How would you define ‘sustainability’? Look it up if you’re not sure.
- Sustainability is a state or practice of ensuring that processes can continue over long periods in a way that does not drain resources, environments (natural, physical, social/cultural, economic) or peoples.
In what contexts is sustainability an issue? Think more broadly here – not just textiles – and write a list.
- Sustainability is an issue in any context where there are finite resources in a closed system. It was possible for us to think of the earth's resources as endless when there were fewer of us, when we lived farther apart and were largely ignorant of the consequences of such thinking. It is now clear that much of what we depend for life and the enjoyment of it is not limitless:
- fresh water
- plant life
- arable land
- raw materials
- fossil fuels
How do you think sustainability might be addressed in relation to the production and consumption of textiles and other manufactured products? Use the stages of the life cycle to help you with this question.
- Perhaps the starting point for any thought about sustainability has to be an acknowledgement that it must be a collective effort. As individuals we can all make a commitment to living in more sustainable ways, but it will not accomplish much without some form of collective action in all sectors of society, the economy and governments. And even though larger actors—such as governments and larger corporations—wield considerable influence, the results they achieve will only be partial without some sort of groundswell of popular support.
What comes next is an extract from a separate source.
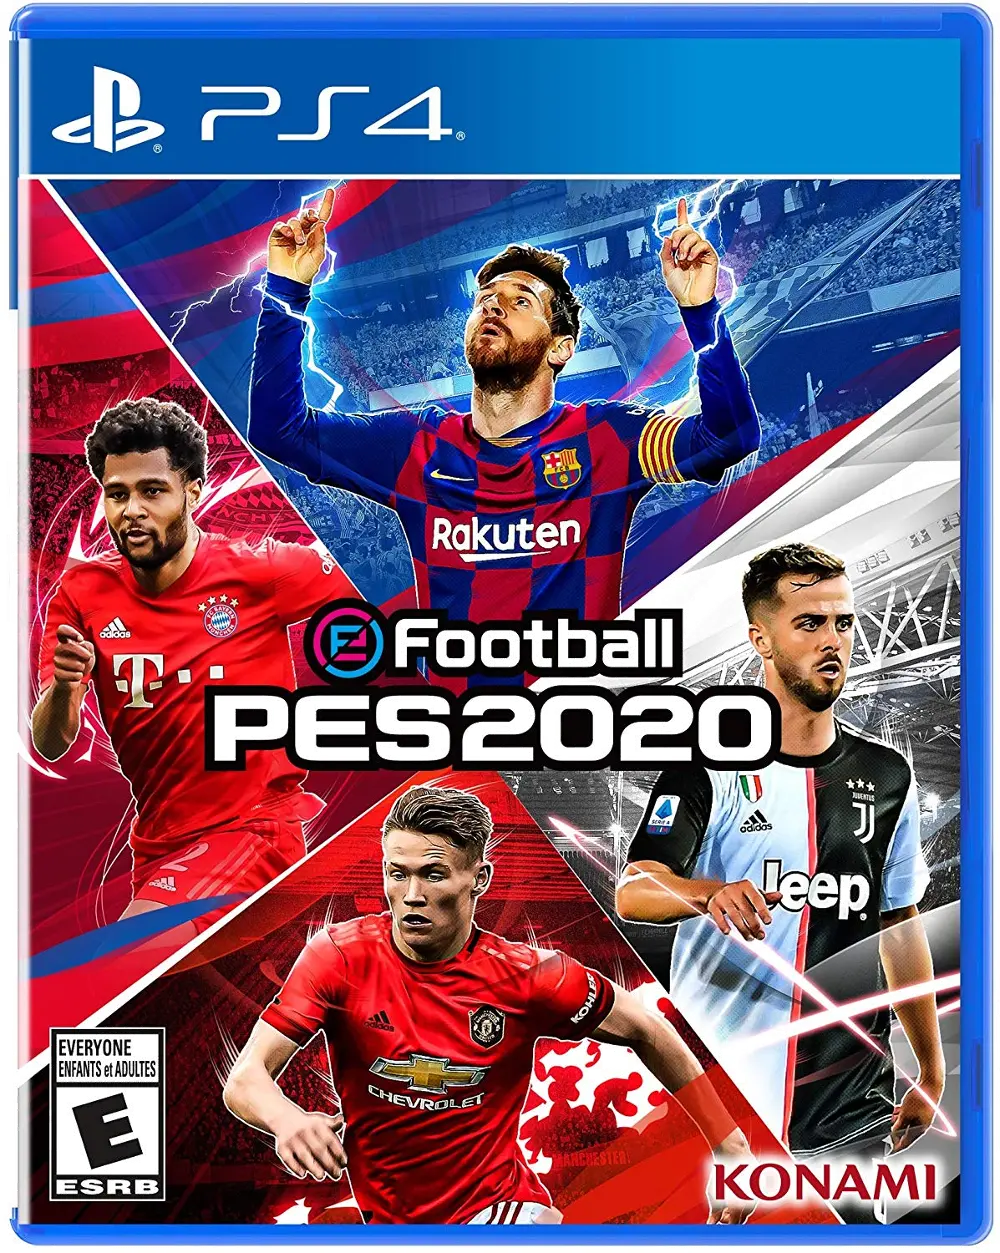 PS4/PRO_EVO_SOCCER eFootball Pro Evolution Soccer 2020 - PS4-1
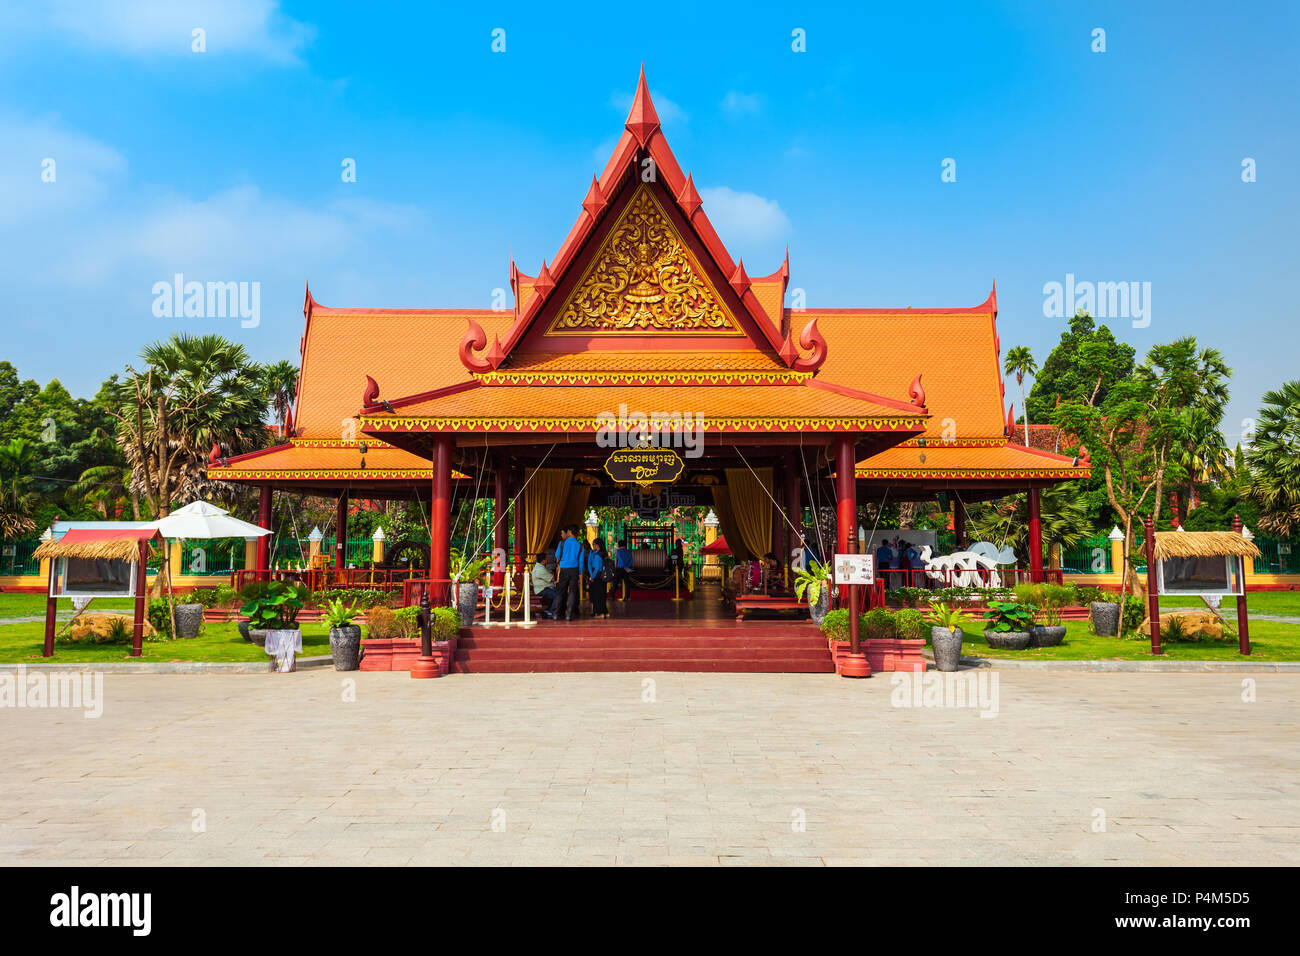 PHNOM PENH, CAMBODIA - MARCH 24, 2018: Krama Hall near the Royal Palace in Phnom Penh in Cambodia Stock Photo

- All stages of a production cycle—from resource extraction or recovery, to material choice, to refinement, to design, to production / manufacturing, to marketing and sale, to transportation, to consumption and eventual disposal—must be assessed for the way they promote sustainability of life or detract from it:
- Agriculture/raw fibre production — Is land use supportive of the local economy? Are agricultural practices based on sound ecological / green principles? Does crop choice exhaust the soil or displace food crops for local farmers?
- Ginning — How much energy is consumed during the process? Are there any waste products? If so, how are they treated?
- Spinning — Energy consumption? Does automation displace human workers?
- Weaving — Energy consumption? Are there jobs for human workers? If so, do they allow for a living wage?
- Processing — Energy consumption? How close are processing sites to spinning and weaving locations? Are dyes and other chemical products natural? Are they disposed of appropriately? Could they be toxic or allergenic?
- Stitching — Do stitching techniques support a long life for final products or are fabrics designed to fail early to promote repeat consumption?
- Distribution/retail — How much energy is consumed and pollution created by transportation? If products are created in volume, will they be used or end up as landfill? Are price markups calculated to benefit all participants in the production chain, or just those at the top?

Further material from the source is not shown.